Studies have shown once-daily bimatoprost to be significantly more effective at lowering IOP than twice-daily timolol in patients with glaucoma or ocular hypertension (8.1 mmHg vs. 5.6 mmHg, p < 0.001) (225). Most comparison studies with latanoprost have shown comparable efficacy (201,226,227). A recent multicenter trial involving 269 patients with ocular hypertension or glaucoma has shown superiority of bimatoprost over latanoprost at all time points after 6 months of treatment (228). The mean IOPlowering effect of latanoprost in this study (24%) was significantly less than reported in earlier studies (30–35%) (201–204). In a 6-month comparison of bimatoprost and travoprost involving 157 patients with glaucoma or ocular hypertension, bimatoprost produced significantly greater IOP reduction at 9 a.m. (7.1 mmHg vs. 5.7 mmHg, p = 0.014). Reductions in IOP were clinically and statistically equivalent at 1 p.m. and 4 p.m. (229). Similar IOP-lowering efficacy between bimatoprost and dorzolamide 2%/timolol 0.5% fixed combination (Cosopt®) has been demonstrated in a prospective, multi-center, crossover comparison (230). Additivity to brimonidine (216), but not with pilocarpine, (231) has been shown with bimatoprost. It does not require refrigeration or protection from sunlight to maintain its potency (232) and is formulated as a 0.03% solution which is dosed once daily.
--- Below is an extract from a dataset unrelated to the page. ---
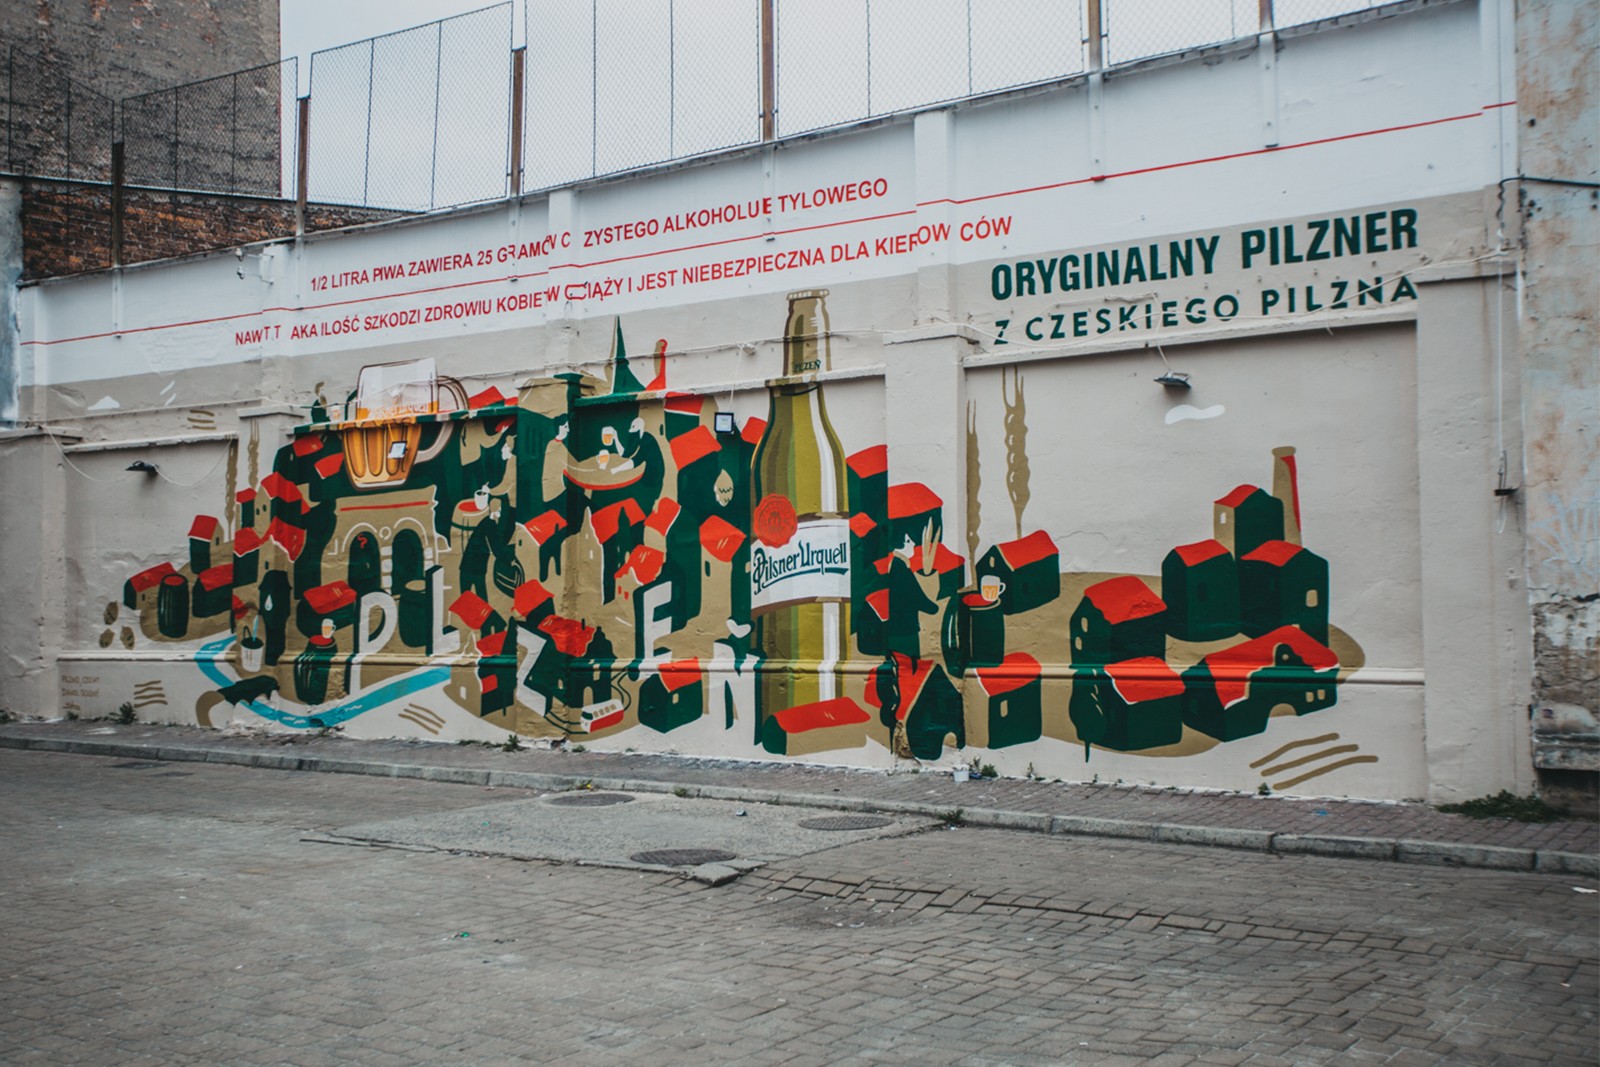 Mural Oryginalny pilzner z czeskiego Pilzna na krakowskim Tytano | Original pilsner from Czech Pilsen | Portfolio

Travoprost, a full agonist at the FP prostanoid receptor (233), was also introduced for use in the US market in 2001. Like the other PGAs, travoprost increases uveoscleral outflow following interaction with the FP receptor (233). Phase III trials have demonstrated significantly greater reduction in IOP in patients treated with travoprost compared with timolol at 6 (234) and 9 (235) months after initiation of therapy. In a large, multicenter, 1-year trial comparing travoprost, latanoprost, and timolol, travoprost was found to produce significantly greater IOP reduction than timolol and equal or superior IOP reduction than latanoprost using pooled data (236). Comparable efficacy was found between travoprost and latanoprost at most of the individual time points evaluated throughout this 12-month study. This study also showed significantly greater IOP reduction with travoprost in blacks compared with that in nonblacks (236).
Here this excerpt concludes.